I sat bedside watching my dying friend’s consciousness pass back and forth across the veil of existence.
On one side of the veil was his entire human journey. On the other side, he existed as a consciousness beyond the human journey.
Each time he crossed the veil and came back into his physical body, he returned with less and less awareness of who I was.
I had known Len only for a few years, but we had a deep appreciation for one another’s human journeys. Despite him being more than twice my age, we understood that the pain of human emotions – if not acknowledged and adequately healed – collects over time, weighing on the heart and mind, and often debilitating the physical body.
We understood these truths of the human journey not because we read them in some book somewhere, but because we had experienced them for ourselves. We had immersed ourselves in these often agonizing truths, patiently and consciously, until the agony subsided and we began to experience life in ways that we had never imagined possible.
Len had done the impossible many times throughout his human journey. He was diagnosed with cancer about eight years ago. The doctors said he maybe had three years to live.
In an effort to defy the odds, Len began the process of body-centered psychotherapy with our mutual mentor, Tom.
Tom helped Len experience the link between the psyche and the physical body, and how this link affects one’s overall health.
Len was a highly intelligent, loquacious, rough-around-the-edges kind of fella who was a strong skeptic of just about everything – especially of persons in positions of authority, power, or leadership. As he used to put it, “My b.s. detector is always on.”
He was always trying to poke holes in ideas and theories, a survival mechanism that had helped him discern whom to trust and whom to shun throughout his life. Even with all that poking, and the “always-on b.s. detector,” Len built a strong rapport with Tom.
This rapport allowed Len to feel safe enough to get vulnerable and fully feel his physical sensations and emotions – rather than avoiding them. This is something that men (especially men his age) say they have a lot of trouble doing because emotions have traditionally been regarded as weakness and regarded as a “feminine” quality.
Truth is that the human journey is characterized by human emotion – whether we bottle it all up inside or let it flow.
As Len let himself express things that had been bottled up for decades, he opened himself up to a world of feeling and experience that he never knew was available to him as a man.
He allowed himself to be in a close friendship, he offered support to anyone who needed it, and he became a deeply empathetic being.
Len outlived his initial prognosis by five years. He saw an alternative medicine doctor outside the United States, kept an herbal medicine regimen, and continued to dissolve his psychological stress to further balance his internal systems.
When COVID-19 first hit the scene, it was a challenge for most everyone to stay calm and collected. Len was no exception to this.
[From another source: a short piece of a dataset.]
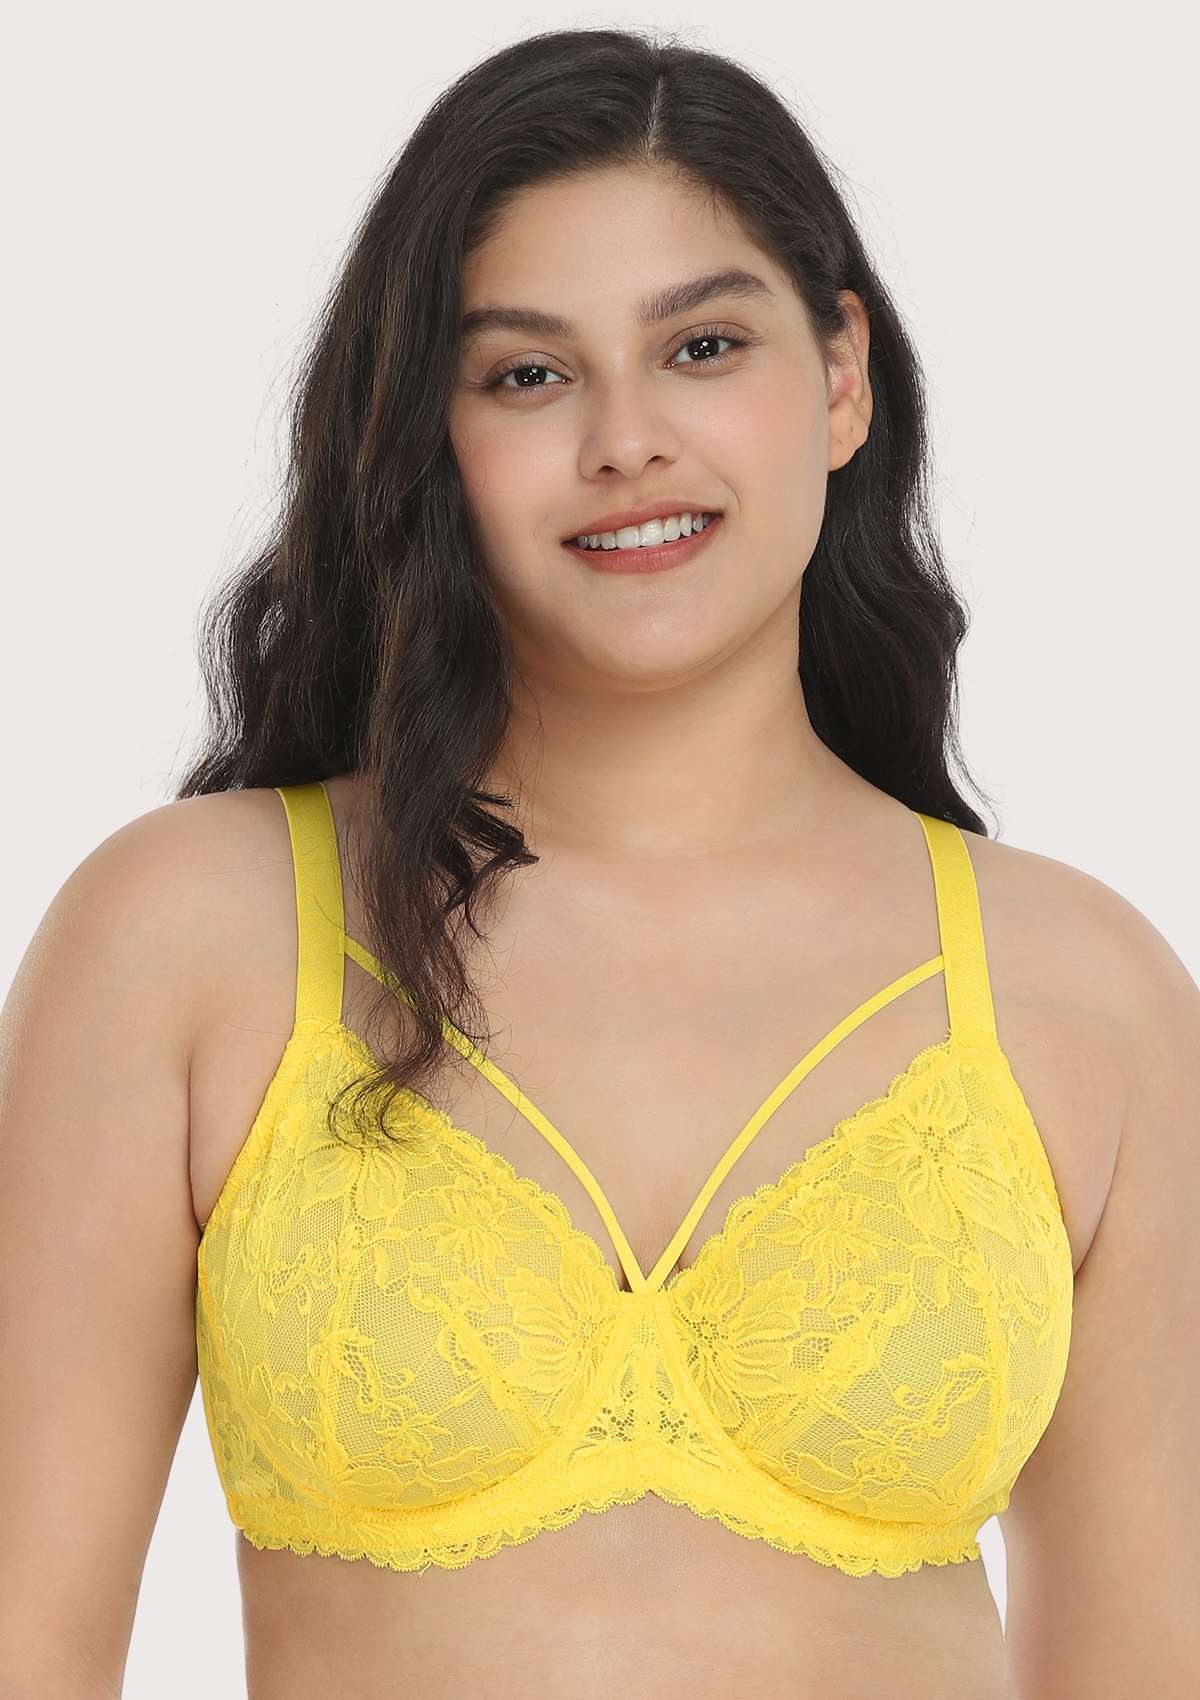 HSIA Unlined Lace Mesh Minimizer Bra For Large Breasts, Full Coverage - Bright Green / 40 / DD/E

He eventually suffered a series of strokes which led to the end of his life.
I will never forget the first time I saw Len cry. We were at an emotional healing retreat. I had shared openly about some of the abuse I had endured throughout my life, particularly by men.
Len hugged me and wept for me. Then, with a smile and twinkle in his eye, he told me what a tremendous job I was doing by staying committed to healing, despite how uncomfortable it is to face one’s own darkness and pain.
All of the inner work he had been doing empowered him to be transparent, vulnerable, and intimately connected with others because he had finally learned how to be transparent, vulnerable, and intimately connected with himself.
While he is no longer roaming the earth with us, his human journey was full because he learned to allow all of himself to be acknowledged and accepted.
He learned to bring love to the parts of himself that he had judged and hidden for a lifetime. This enabled him to love others more authentically than he had ever imagined. And while this only happened in his final days, it did happen: a human journey was experienced – completely.